И на этой оптимистической ноте мы расстались: вихляющая малолитражка удалилась прочь, а я тюкнулся в калитку. Она была открыта - репейный Палкан гавкнул для порядка, да, почуяв уверенный хозяйский шаг, умолк. Небольшой дворик лежал в послеполуденной неге. На веревках обвисало белье. В тени сарая лежали куры, в самом сарае похрюкивал невидимый поросенок. Зной, покой, запах разнотравья. Хорошо, если не знать, что этот прекрасный мир незнаком человеку, находящемуся на летней веранде.
- Привет Илюша, - поднимаюсь по лестнице. - Лидии нет? А тебе подарок, - подхожу к столу, за которым сидит аутист, перебирающий костяшки домино.
- Ыыы, - узнав, улыбается перекошенной улыбкой. - Слава хороший. Слава молодец. Слава Славе. Слава не слива, слива не Слава. Где слива? Слива сладкая. Как сладкая? Сладкая как сахар? Сладкая как сироп? Сладкая как мед?
Со стороны казалось, что нездоровый человек несет околесицу. Отнюдь. В словах Ильи всегда была своя логика. Зная его с младенческих ногтей, я без труда вникал в корневую суть тарабарщины. В данном случае, мой друг хотел сливы и очень удивлялся, почему её нет.
- Слива на кухне, сейчас принесу, - сказал я. - Смотри, какой кораблик, - указал на парусник, изображенный на коробке. - Смастеришь? Вытащил плотный пакет. - Работай, парень, - высыпал на стол пластмассовые пазлы. - Нравится?
- Ыыы, - протянул ломкие руки к новой игрушке. - Море, белый пароход, чайки. Чайки - птицы. Птицы кричат. Птицы летают, а люди нет. - Перебирал детали. - Почему люди не летают? Чехов - гений. Он выпил бокал шампанского и умер. Нельзя пить шампанское, а слива сладкая. Как сладкая? Сладкая как сахар? Сладкая как сироп? Сладкая как мед?
- Достал ты меня сливой, - проговорил я. - Пойду, поищу.

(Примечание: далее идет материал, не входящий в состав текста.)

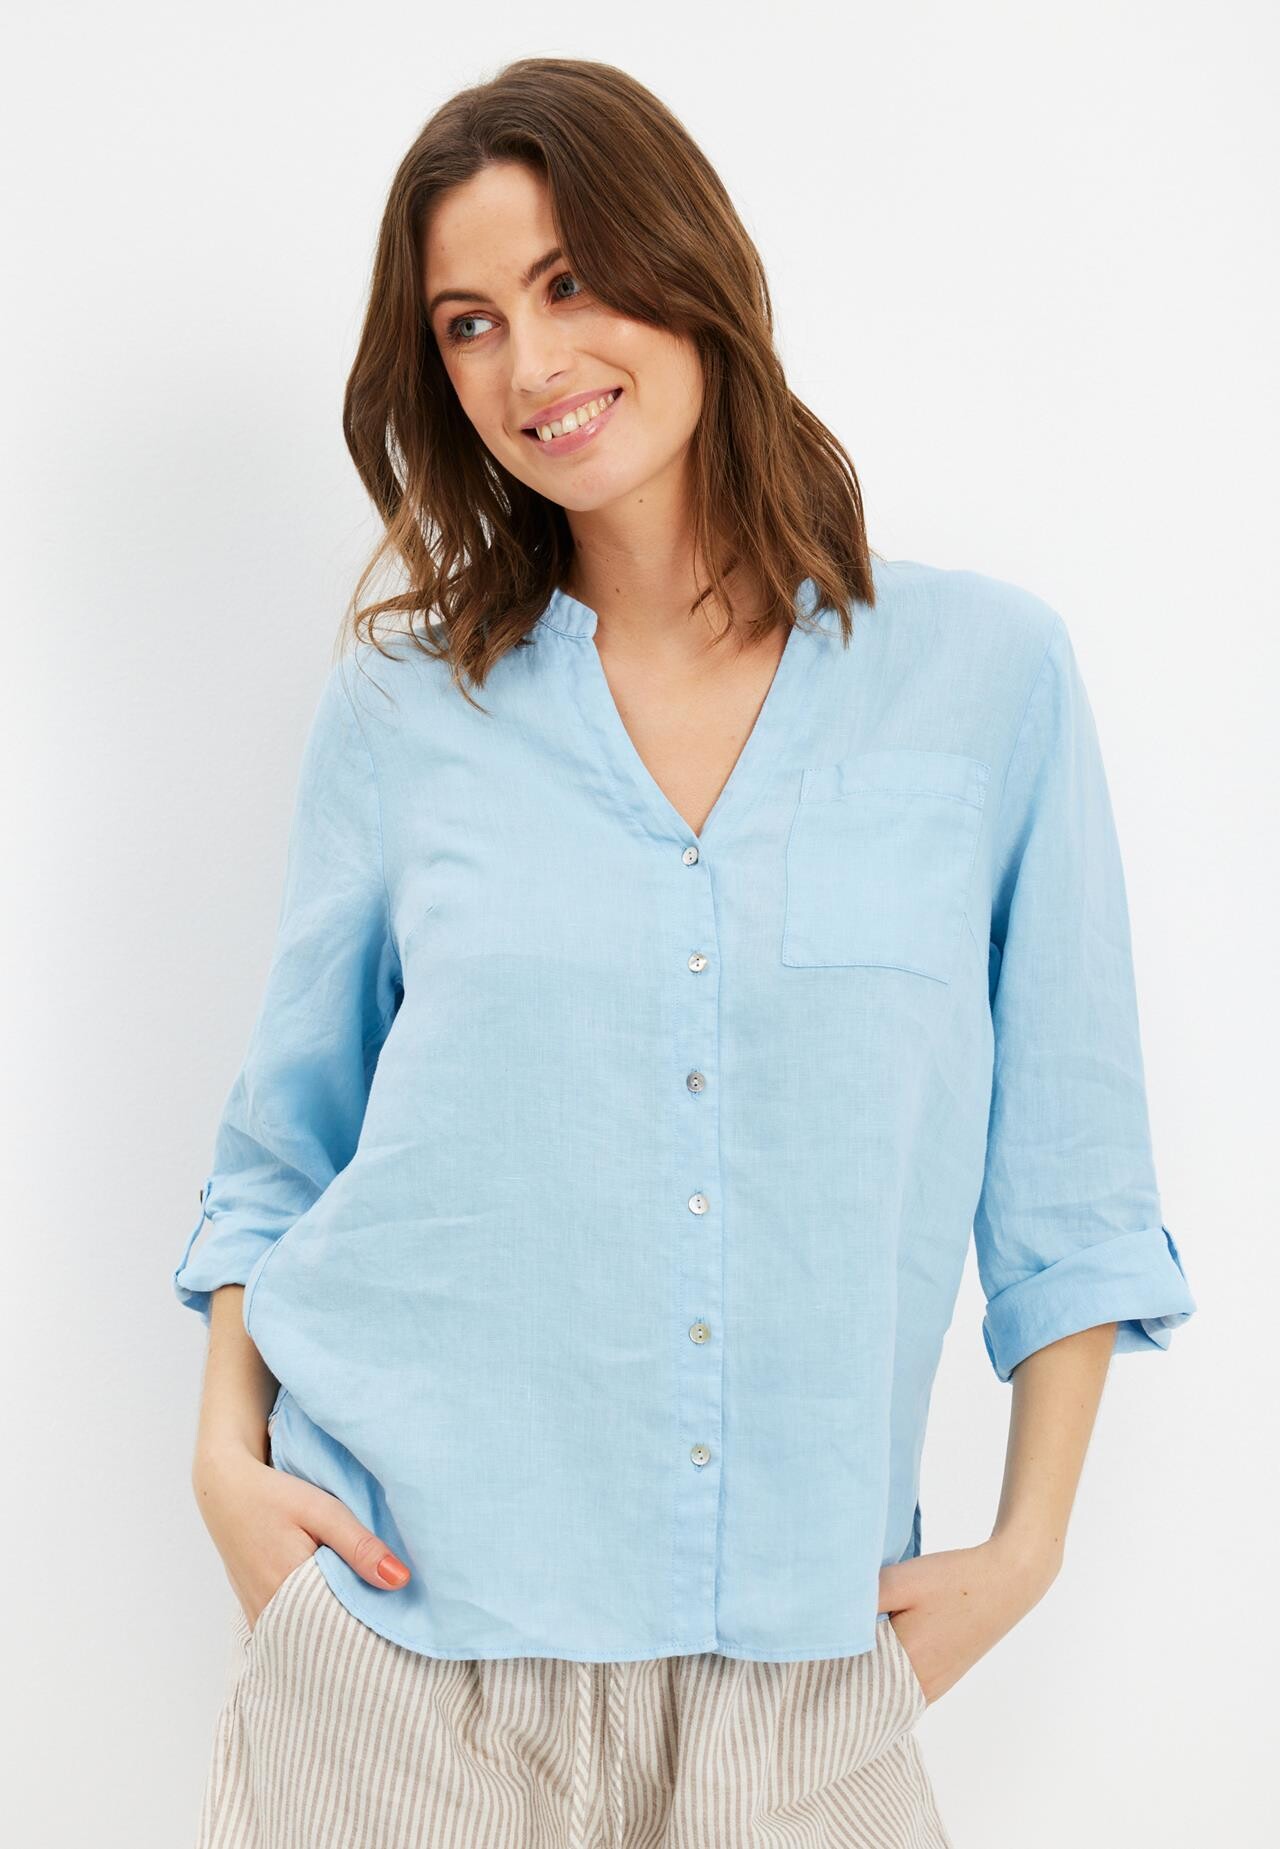 Se IN FRONT Lino Skjorte, Farve: Light Blue, Størrelse: S, Dame hos Infront Women

В доме наблюдался идеальный порядок, будто в краеведческом музее, где проходила экспозиция: "Быт россиянина начала ХХI". Все вещи были функциональны: горка с посудой, стол, кровати, стулья, швейная машинка и так далее. На стене в рамках висели фотографии - глянцевый привет из прошлого. Правда, иногда возникает впечатление, что на этих фотках не мы, счастливые, а некто другие из иной совсем жизни, осветленные надеждой и верой в свою уникальную неповторимость. Увы, время сожрало и надежду, и веру, и любовь, оставив только их жалкие ветошные ошметки. Мы вытираем свои стареющие души этим грязным тряпьем и считаем, что живем.
Я зашел на кухню. Она была чиста, как провизорская. Лишь скулящие мухи нарушали эту чистоту. Впрочем, на них тоже была найдена управа: свисающая клейкая лента крепко принимала аппетитные тушки.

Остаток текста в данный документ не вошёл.